# EXT4: ext4_journal_start_sb: Detected aborted journal

## msalerno

Kernel: 2.6.31-gentoo-r6

This is making me nuts!  Every few days a partition of mine gets remounted read-only and I find the following entries in dmesg:

 *dmesg wrote:*   

> [13742.018972] end_request: I/O error, dev sda, sector 0
> 
> [13742.018987] ata1: EH complete
> 
> [13742.019057] Aborting journal on device dm-1:8.
> ...

 

There are no other errors being reported via dmesg.

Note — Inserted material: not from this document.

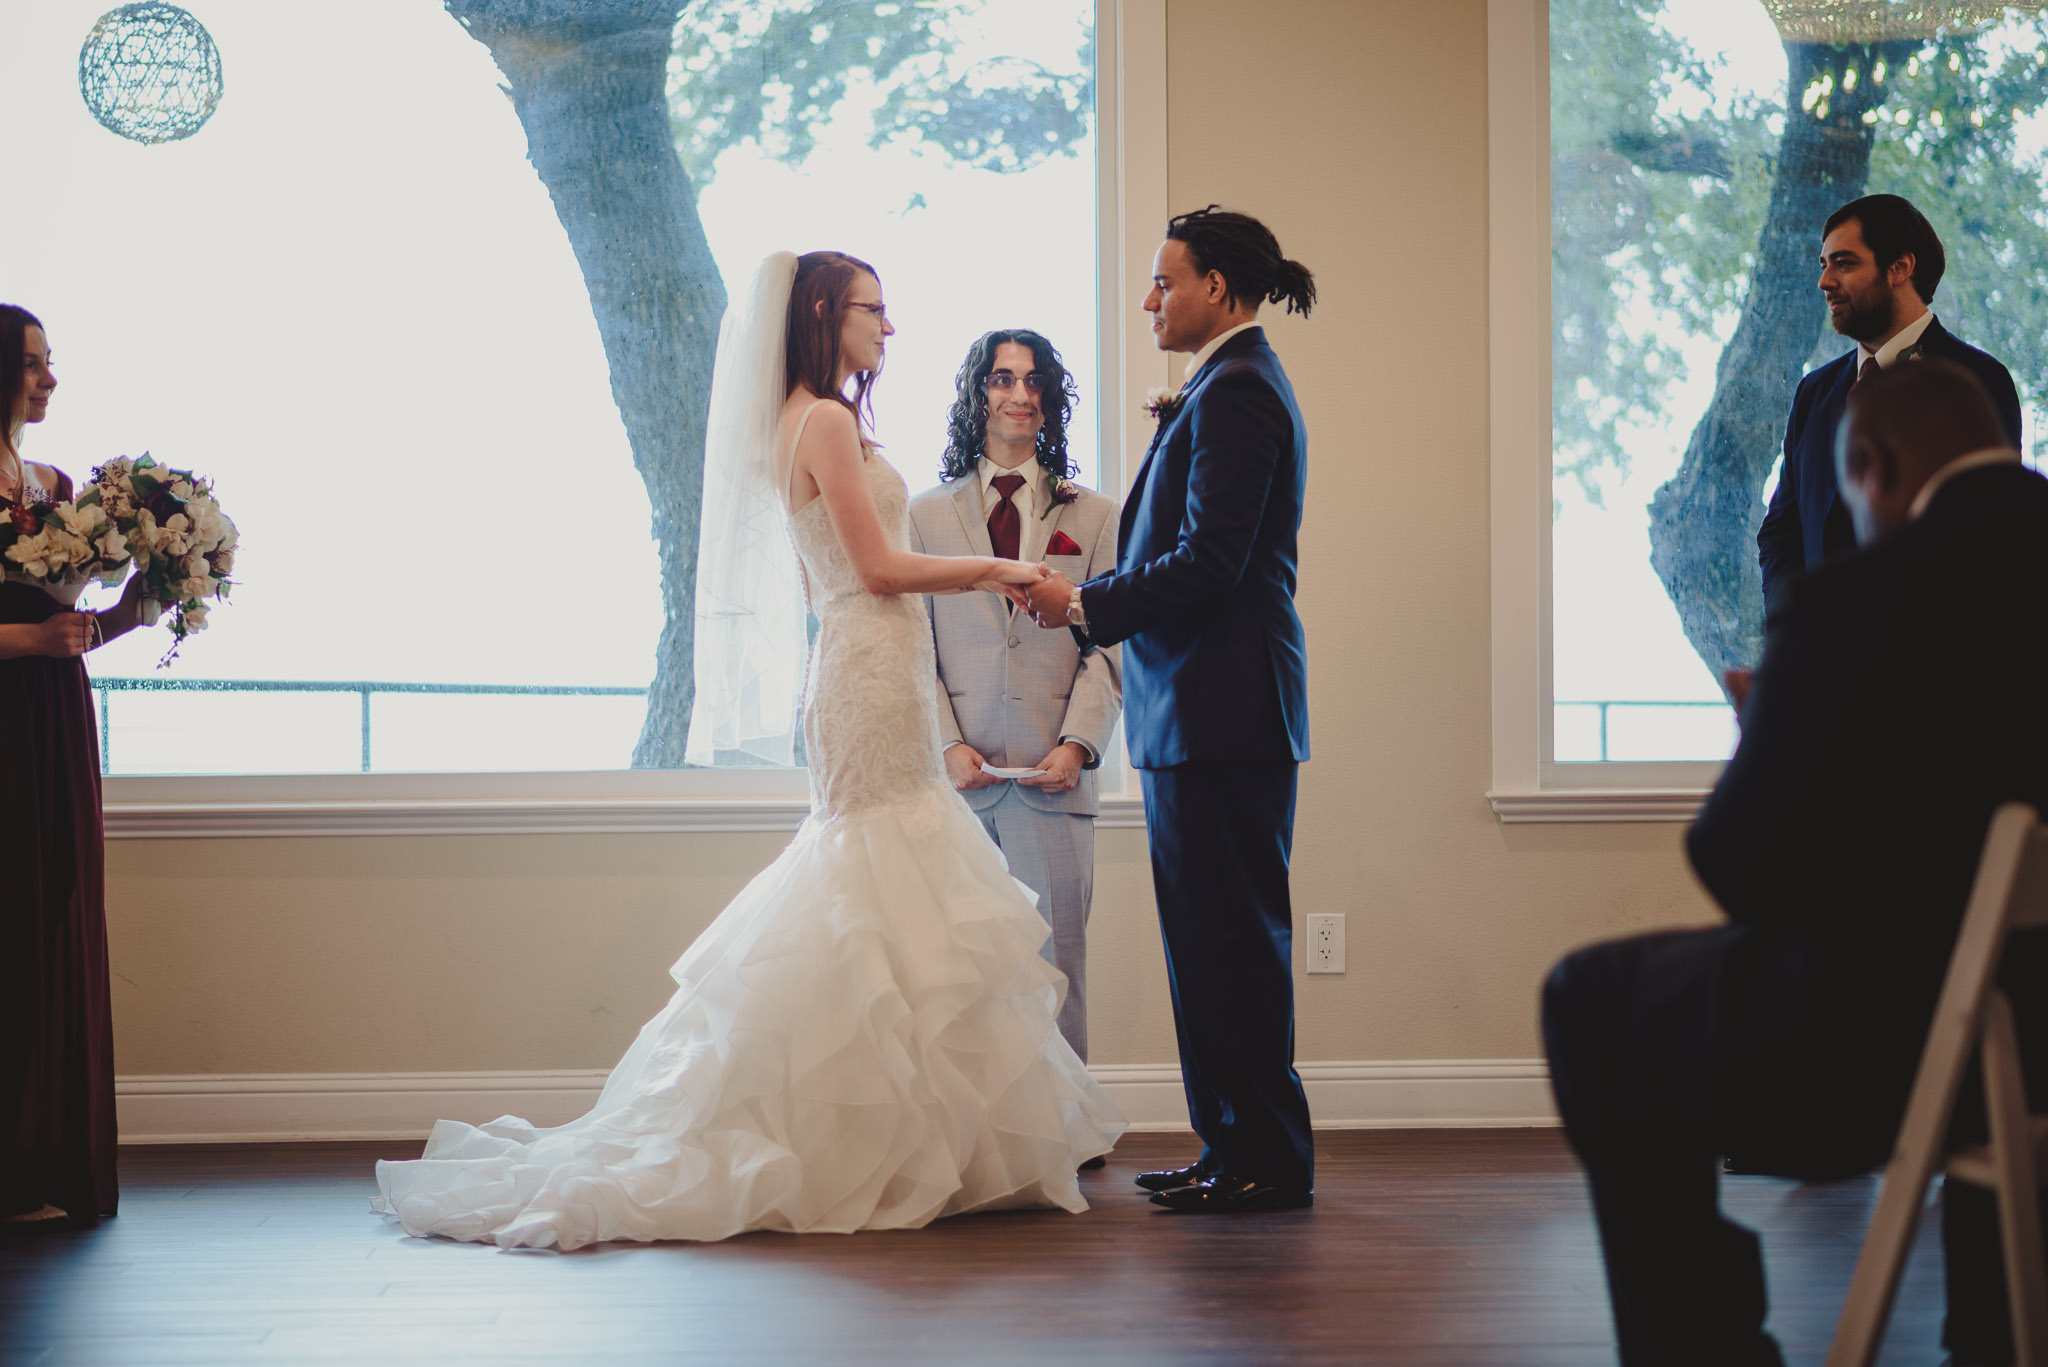 Austin-Texas-Wedding-Vintage-Villas-0026.jpg

I have read through a bunch of posts and docs, and have not found a valid solution.  smartctl reports nothing out of the ordinary, no visible errors.

 *smartctl wrote:*   

> Seek_Error_Rate = 0
> 
> Seek_Error_Rate = 0
> 
> UDMA_CRC_Error_Count = 0
> ...

 

This is pretty much standard across all paritions except /boot:

Filesystem features: has_journal ext_attr resize_inode dir_index filetype needs_recovery extent flex_bg sparse_super large_file huge_file uninit_bg dir_nlink extra_isize

What else can I check?

Anyone?

----------

## forkboy

This drove me absolutely mad for months.   Here is my thread.  I ended up replacing the hard drive.

----------